Material shown:

_____

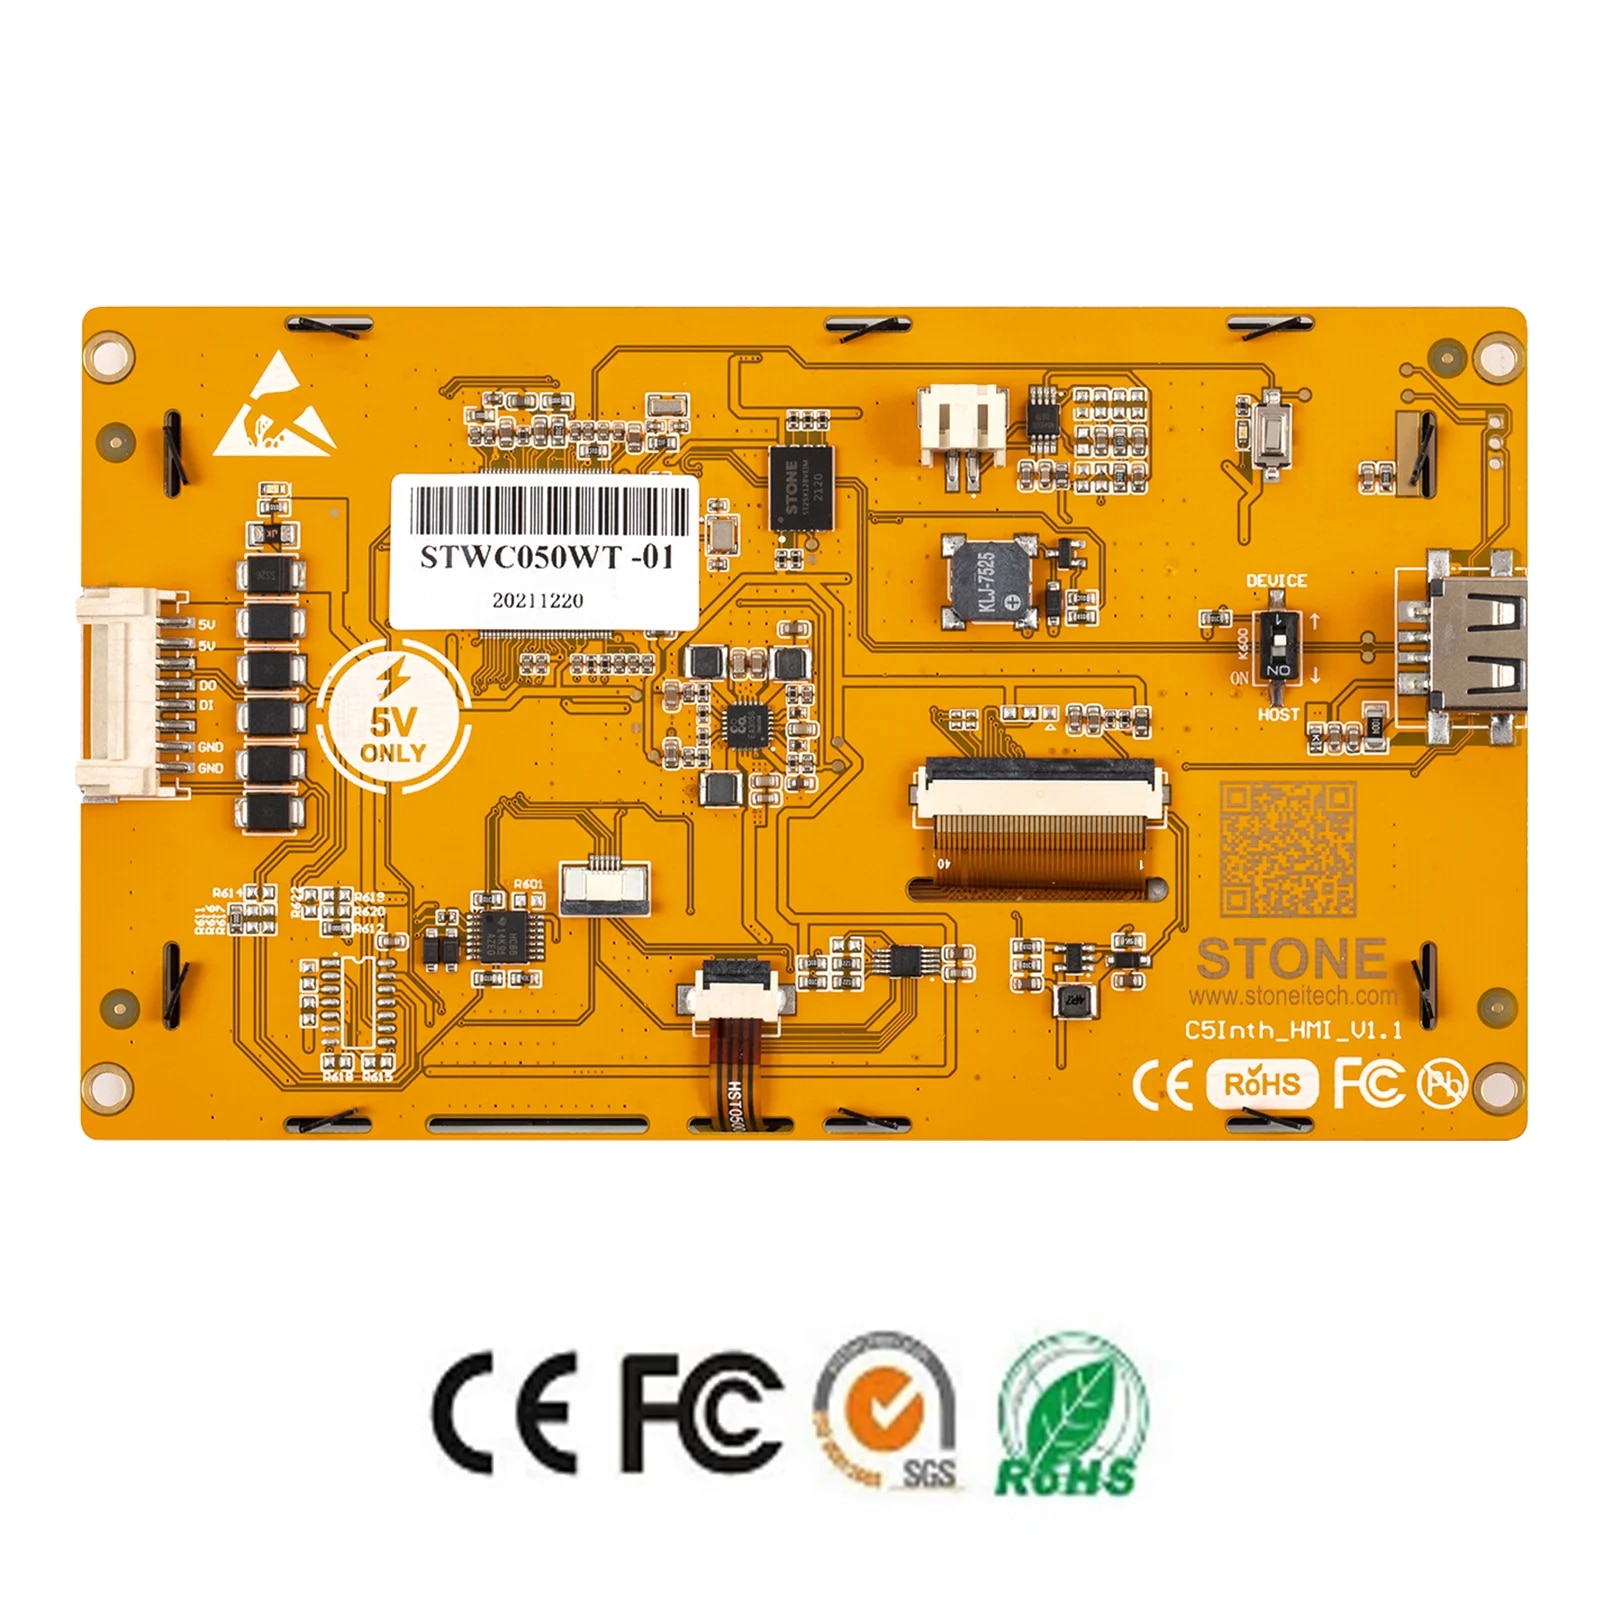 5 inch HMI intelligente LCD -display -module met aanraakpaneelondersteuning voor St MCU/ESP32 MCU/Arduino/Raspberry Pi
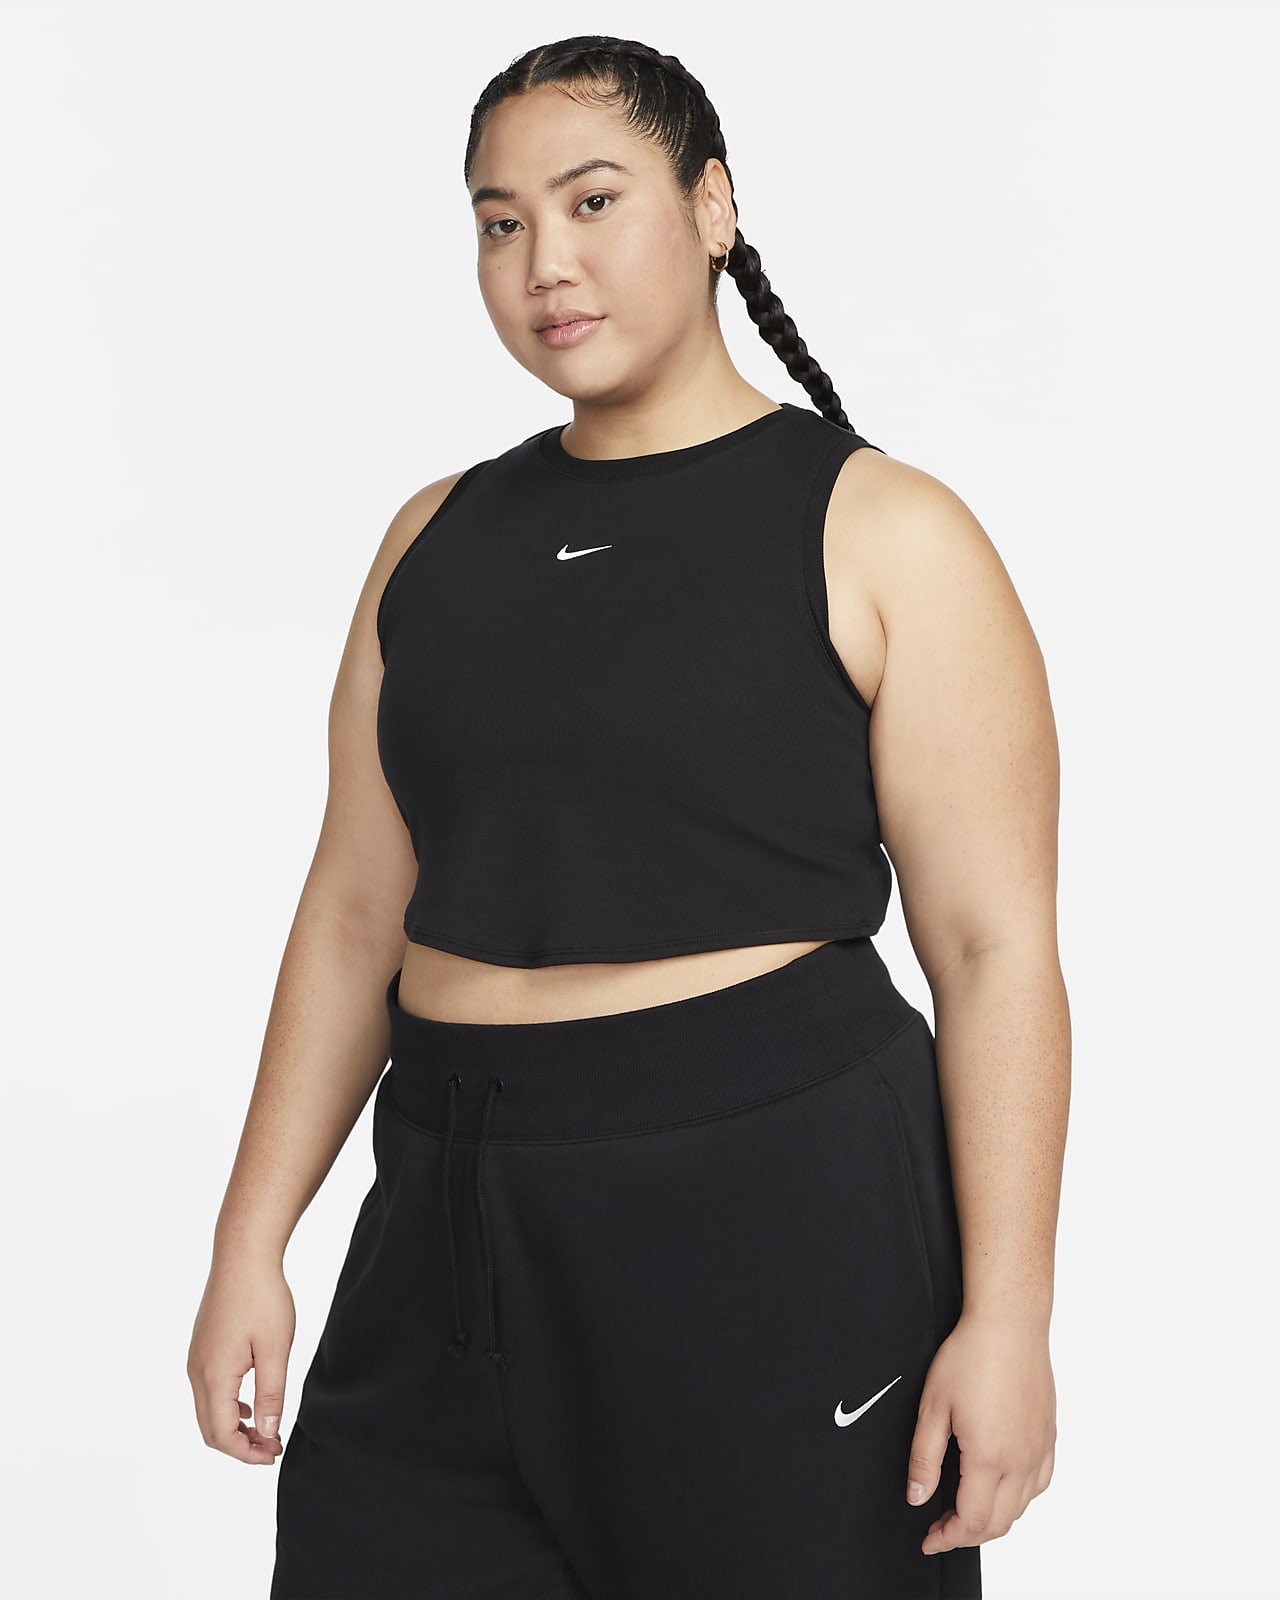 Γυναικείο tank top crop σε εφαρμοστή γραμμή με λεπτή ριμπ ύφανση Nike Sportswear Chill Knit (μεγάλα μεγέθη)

_____

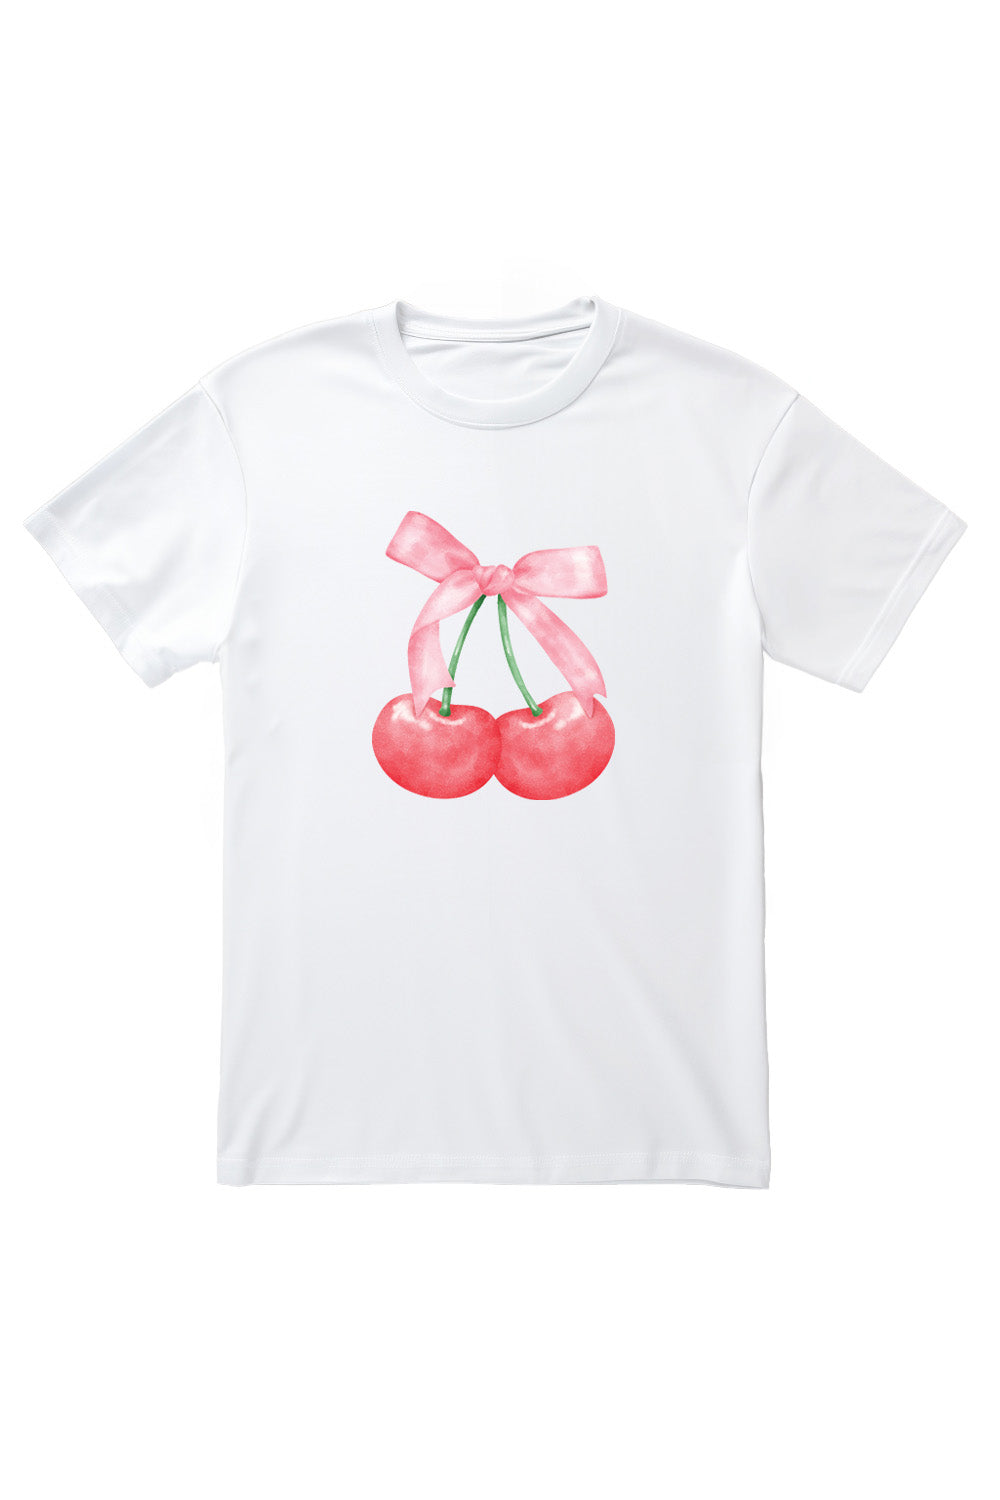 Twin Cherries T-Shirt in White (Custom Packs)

_____

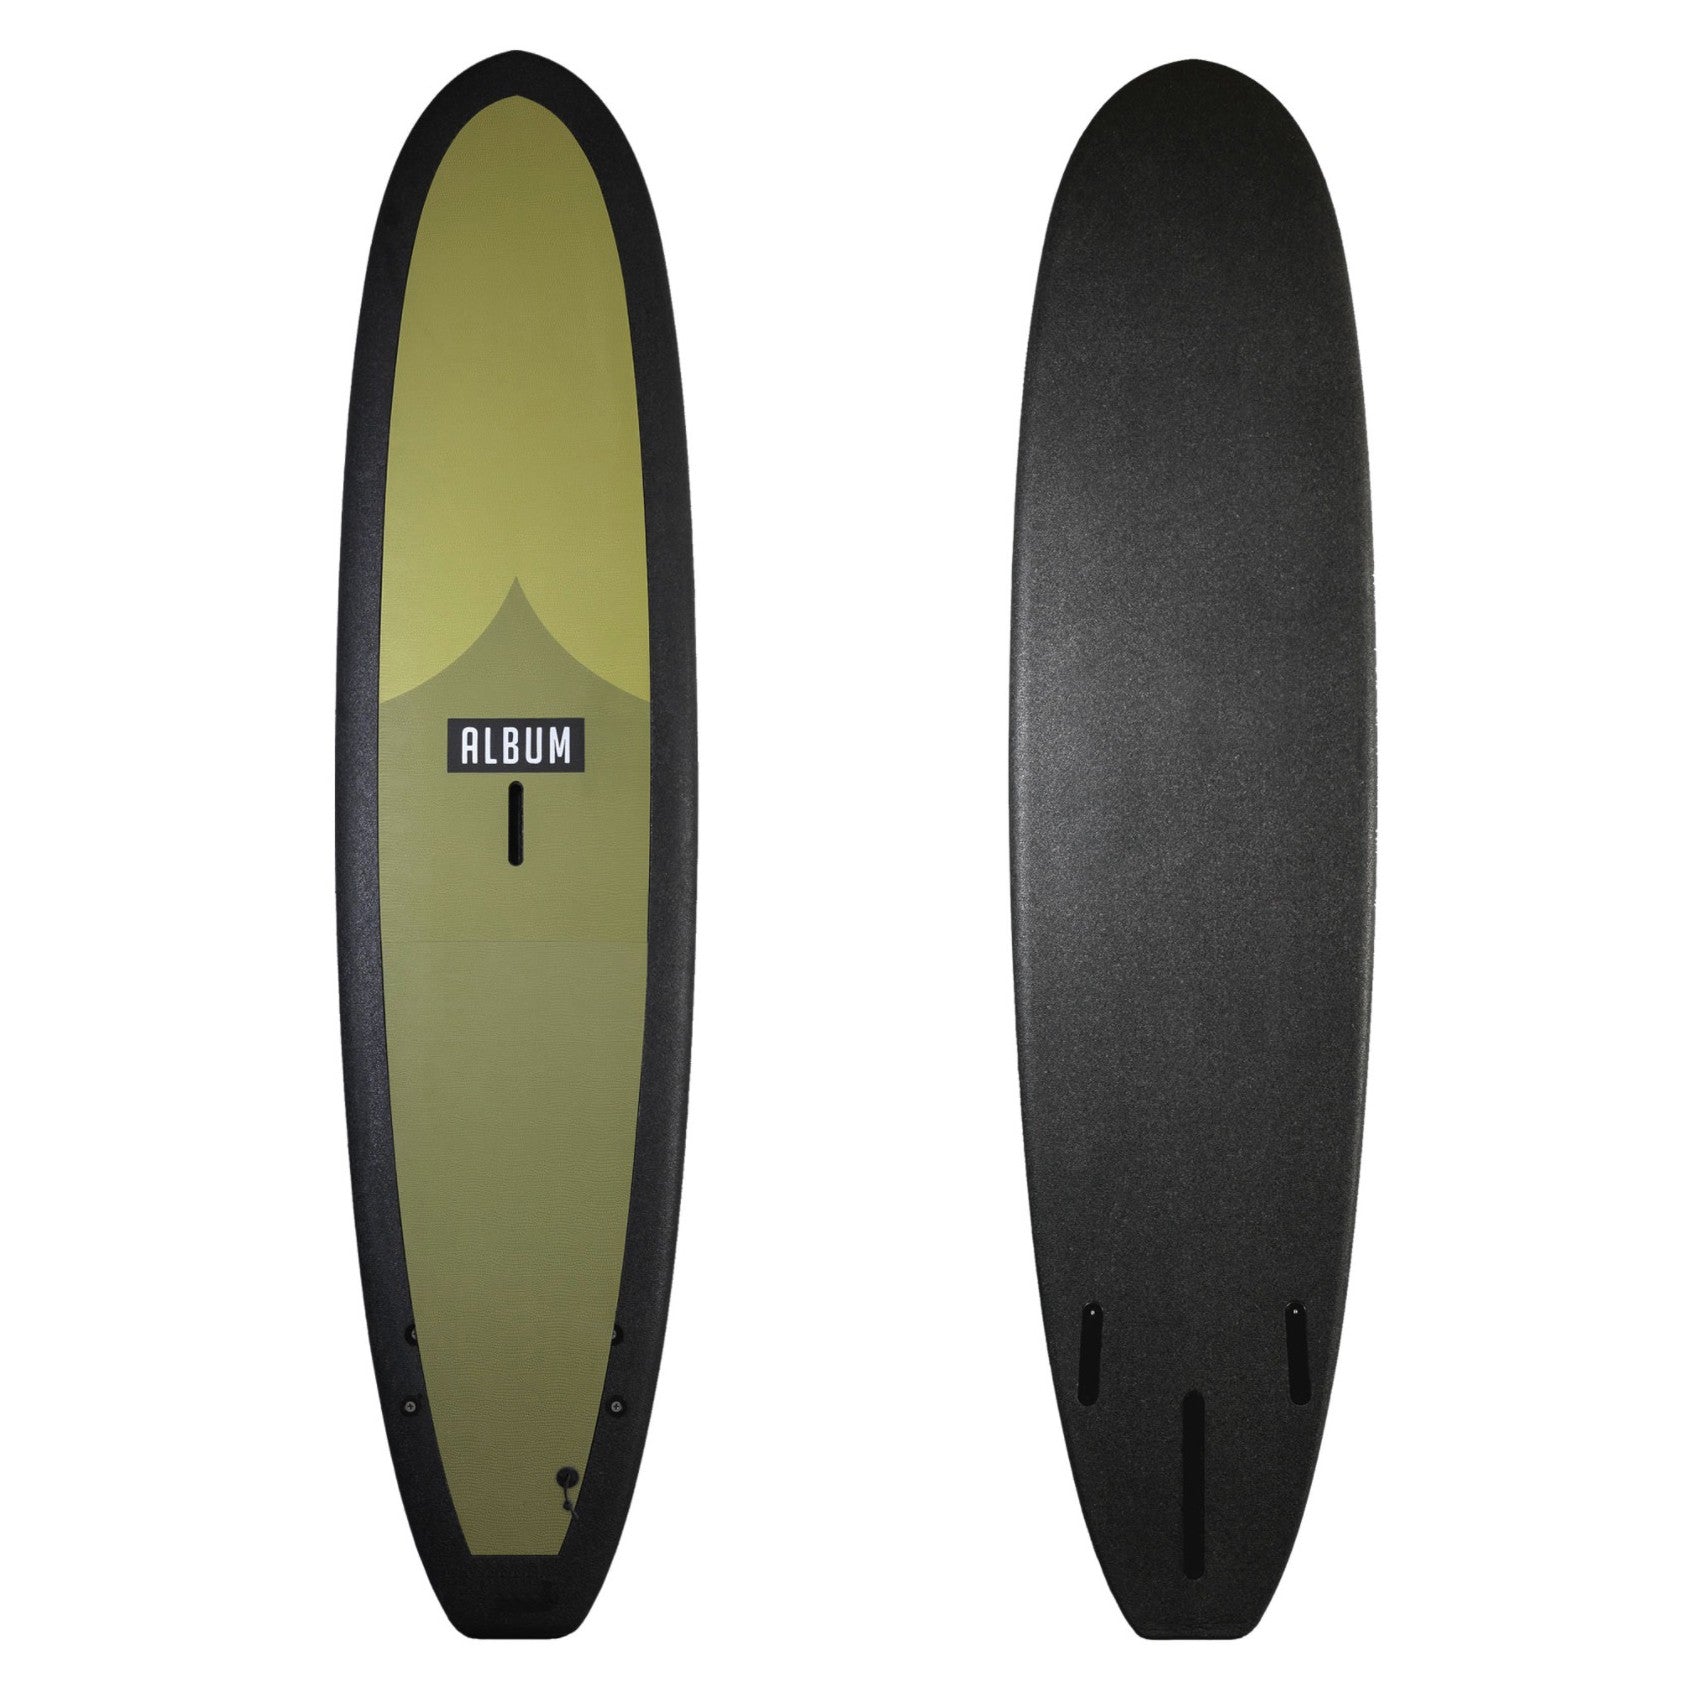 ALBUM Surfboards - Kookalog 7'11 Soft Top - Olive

_____

Aim of the exercise:
Lines wanted from the entries above: the one with "5 inch HMI intelligente", the one with "Γυναικείο tank top", and all lines between. Please copy them exactly, without the pictures and without anything else.

Response for this exercise:
 5 inch HMI intelligente LCD -display -module met aanraakpaneelondersteuning voor St MCU/ESP32 MCU/Arduino/Raspberry Pi
 Γυναικείο tank top crop σε εφαρμοστή γραμμή με λεπτή ριμπ ύφανση Nike Sportswear Chill Knit (μεγάλα μεγέθη)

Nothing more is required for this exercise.